Peter HENISCH (Archivbild)
Literatur

„Jahrhundertroman“: Die Sucht nach dem Buch

Dank eines Kunstgriffs lässt Peter Henisch Schriftsteller aus längst vergangenen Tagen wiederauferstehen. Ein Plädoyer für das Lesen.

Dieser Titel lässt aufhorchen: „Der Jahrhundertroman“, das kann zweierlei implizieren. Entweder will er andeuten, dass es sich um ein „Jahrhundertwerk“ handelt, das eine herausragende Stellung in der kontemporären Literatur einnimmt und für sich beansprucht, ganz oben zu rangieren, oder der Roman beschreibt die Zeitspanne eines Jahrhunderts. Zweiteres ist der Fall. Nicht Henisch legt den „Jahrhundertroman“ im Übrigen vor, sondern er macht ihn zu einem Projekt seines Protagonisten, eines älteren Herrn namens Roch. Der Gedanke, dass Roch so etwas wie das Alter Ego von Henisch ist, drängt sich auf, ist aber mit keinem Wort gesagt. Enthält nicht jedes literarische Werk auch viel Eigenes, Autobiografisches?

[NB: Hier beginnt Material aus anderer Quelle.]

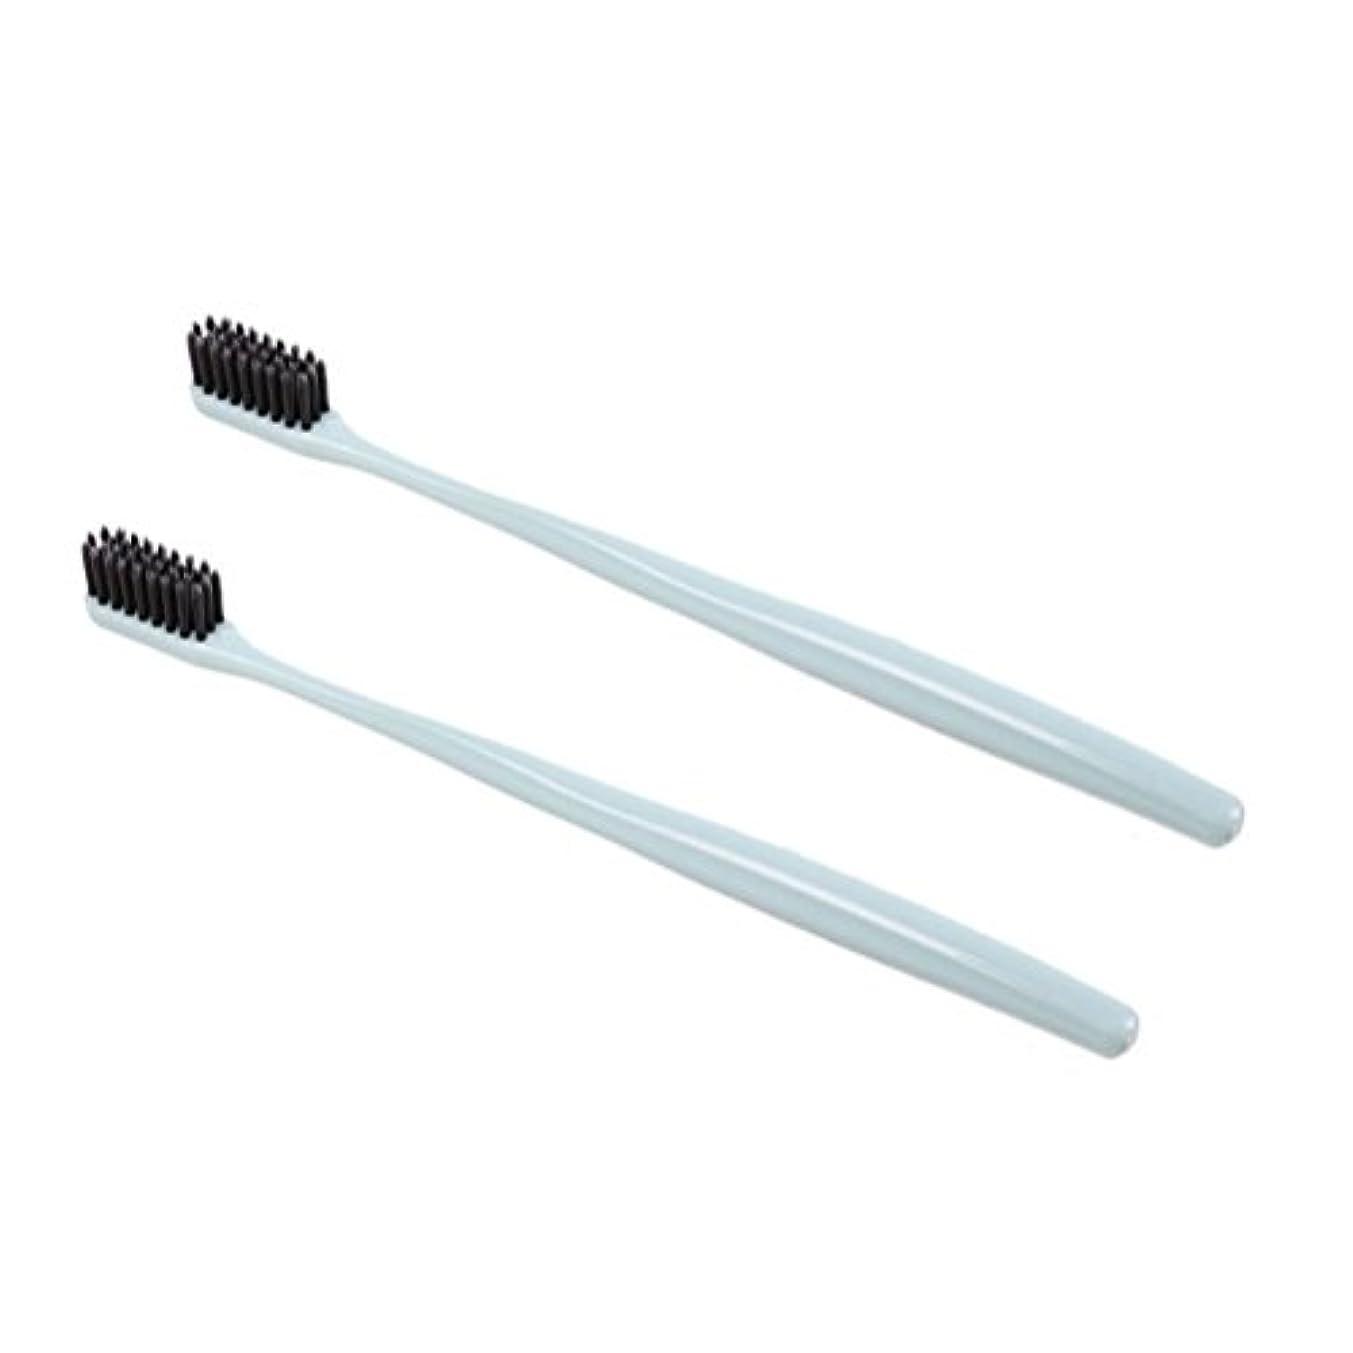 アコー便利さ障害者TOPBATHY 子供と大人のための2本の柔らかい歯ブラシ天然竹炭歯ブラシ小さなヘッド歯ブラシ(グリーン)

Es stellt sich zuerst die Frage nach dem Weshalb. Was hat Roch – Henisch? – dazu bewegt, ein solches Projekt, das von Natur aus nicht ganz unproblematisch ist – „Es gab auch Probleme, die, wie er betonte, im Wesen des Projekts lagen“ –, in Angriff zu nehmen? Immerhin habe es mehrere Anläufe gebraucht, und davon, dass Roch nun am Ziel angelangt sei, kann nicht die Rede sein. Die Antwort auf die oben gestellte Frage ist „Nostalgie“. Es ist die Sehnsucht nach einer verlorenen Ära, in der „Literatur noch etwas bedeutet hat“ und „die jungen Menschen literatursüchtig waren“, die ihn zu seinem Jahrhundertprojekt angetrieben hat. Diese goldenen Zeiten – das 20. Jahrhundert – seien nun vorbei. Jetzt lebe man in „Fast-Food-Zeiten“, in denen „ein Satz über mehr als zwei Zeilen, ein Satz mit mehr als bloß Satzgegenstand und Satzaussage“, die Menschen überfordere. In langen Sätzen zu sprechen oder gar zu schreiben sei heutzutage schon ein „Anachronismus“, resümiert Roch in einem der Gespräche Lisa gegenüber, jener jungen Frau, die ihn bei der Vollendung seines Projekts unterstützen soll.